Ya he escrito en otras ocasiones sobre por qué no me creo ni una palabra de todo esto, y por qué creo que se trata de una forma de charlatanería destinada a que algunos hagan caja. Si alguien tiene más interés, le recomiendo los pormenorizados análisis del blog de Edward Zitron sobre el tema.
Pero que no la vayan a crear ni Altman, ni ninguno de sus amigos de Silicon Valley no quiere decir que no estemos presenciando el advenimiento de una superinteligencia. Creo que si algo está pasando en el mundo, la razón de fondo por la que tantas cosas parecen no tener sentido, es que está naciendo algo que no hemos sido capaces todavía de entender.

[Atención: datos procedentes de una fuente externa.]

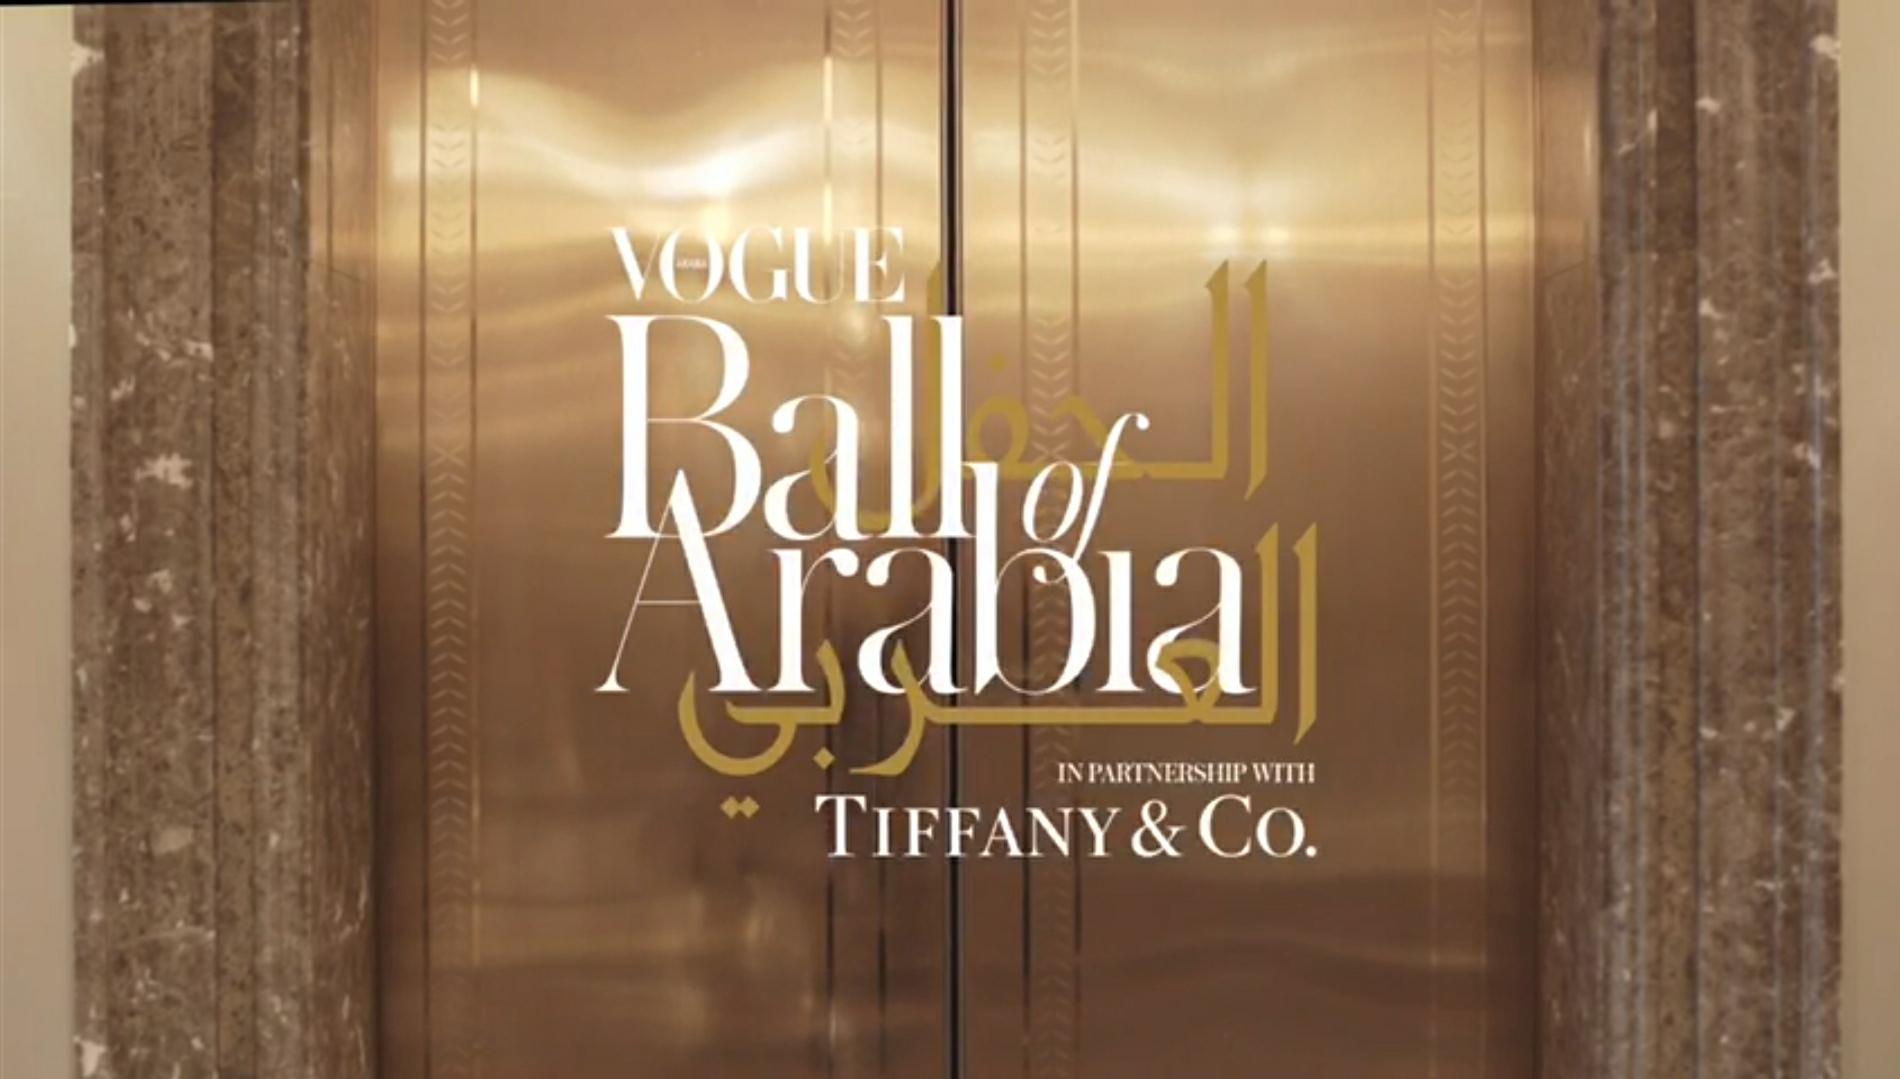 Ball of Arabia - Vogue Arabia and Tiffany & Co.

Mi pasatiempo favorito consiste —no estoy de broma, soy así de rara— en imaginar cómo nos percibiría una inteligencia alienígena, si nos observara. O un dios, si prefieres. Si un ser todopoderoso nos prestase atención desde miles de kilómetros de distancia y desde miles de años de historia (o, quizás, desde el tiempo cuántico), ¿qué percibiría de los seres humanos de este milenio?
Seguramente ni se enteraría de que hace dos años descubrimos una forma más eficiente de predecir el lenguaje natural que nos ha hecho creer que “la humanidad está cerca de crear una superinteligencia digital”, como dice Altman. Ese avance que nos parece tan extraordinario, desde el espacio exterior, sería imperceptible.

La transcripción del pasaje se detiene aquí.